In this passage, God reaffirms His promises of all the land of Canaan to Abraham’s descendants, which eventually form the nation of Israel. Thus, the compliance with justice and righteousness become a pillar of the nation called out to be a light unto all the other nations. Just note the coupling of justice and righteousness references found in the Proverbs and Psalms, which are some of the foundational building blocks used to teach the children of Israel the ways of the Lord, and describe the reward for being just and righteous:

“My son, if you will receive my words and treasure my commandments within you, make your ear attentive to wisdom, incline your heart to understanding; for if you cry for discernment, lift your voice for understanding; if you seek her as silver and search for her as for hidden treasures; then you will discern the fear of the LORD and discover the knowledge of God. For the LORD gives wisdom; from His mouth come knowledge and understanding. He stores up sound wisdom for the upright; He is a shield to those who walk in integrity, guarding the paths of justice, and He preserves the way of His godly ones. Then you will discern righteousness and justice and equity and every good course. For wisdom will enter your heart and knowledge will be pleasant to your soul; discretion will guard you, understanding will watch over you” (Proverbs 2:1-11).

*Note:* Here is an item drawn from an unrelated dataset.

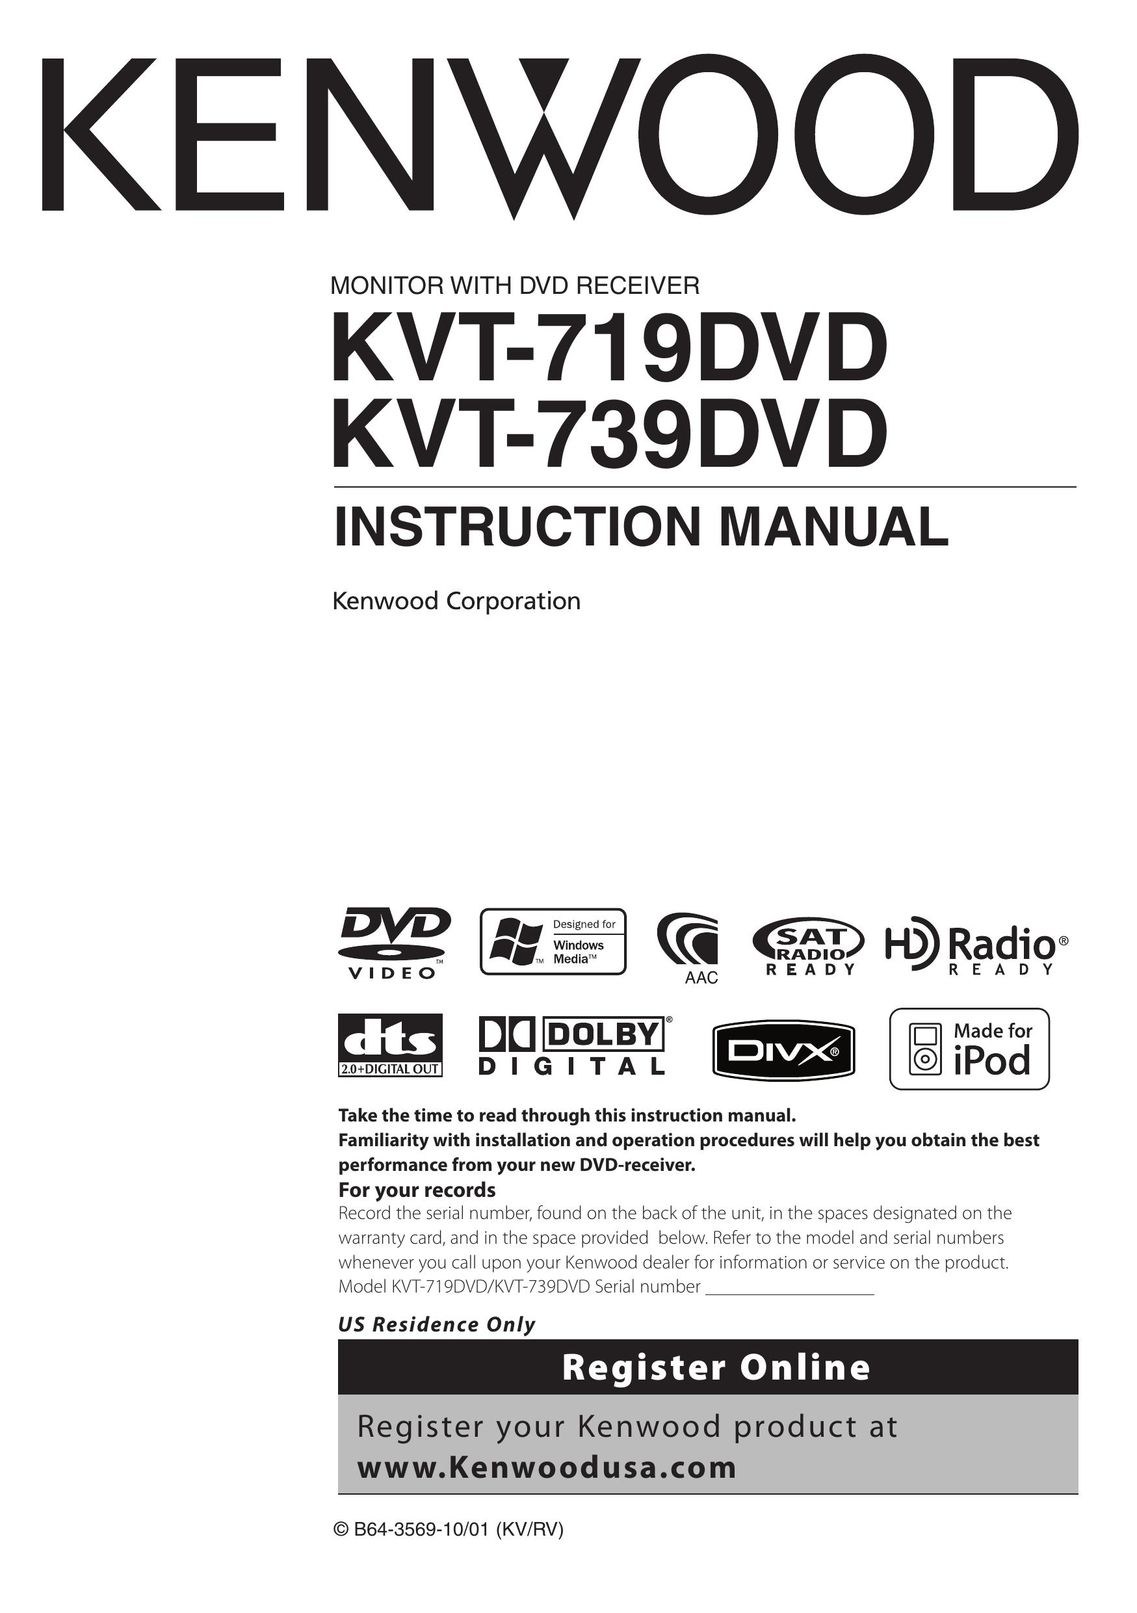 Kenwood KVT-719DVD Portable DVD Player User Manual
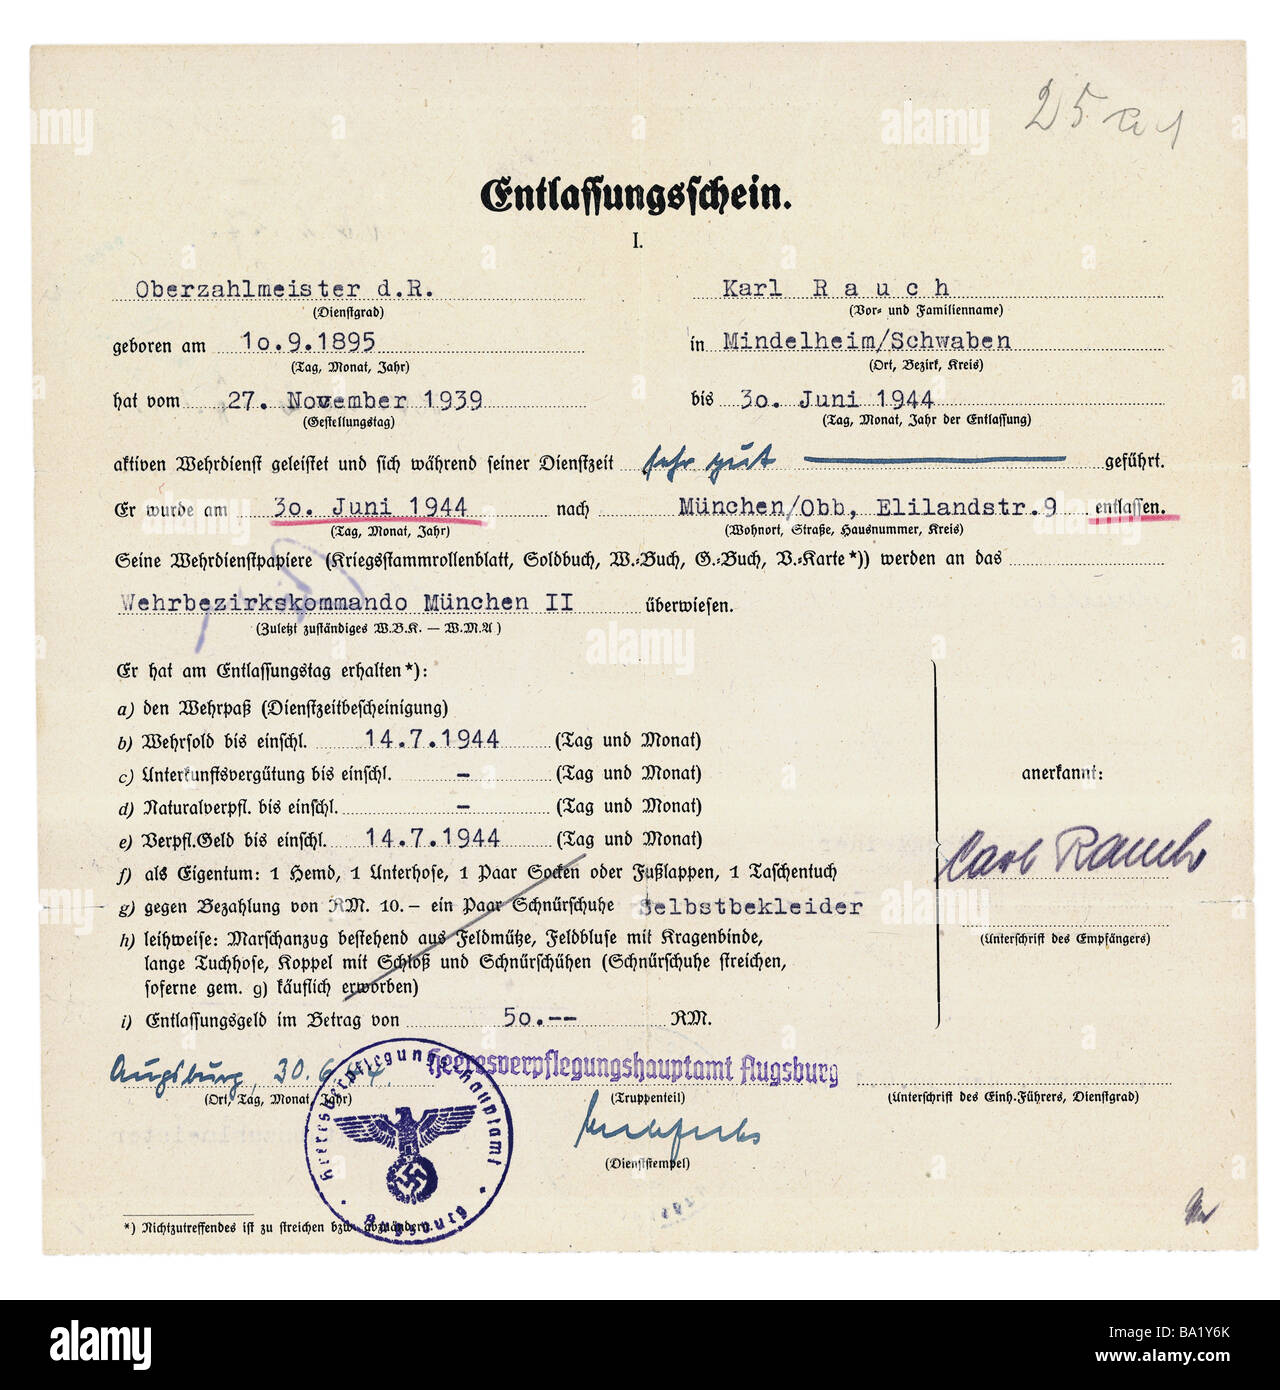 Nacionalsocialismo / nazismo, militar, ejército, certificado de descarga para Karl Rauch, Munich, Heeresverpflegungsamt (Oficina De Provisiones) Augsburg, 30.6.1944, Foto de stock

“To do righteousness and justice is desired by the LORD more than sacrifice” (Proverbs 21:3).

“Righteousness and justice are the foundation of Your throne; lovingkindness and truth go before You” (Psalm 89:14).

“How blessed are those who keep justice, who practice righteousness at all times!” (Psalm 106:3).

“For the LORD loves justice and does not forsake His godly ones; they are preserved forever, but the descendants of the wicked will be cut off. The righteous will inherit the land and dwell in it forever” (Psalm 37:28-29).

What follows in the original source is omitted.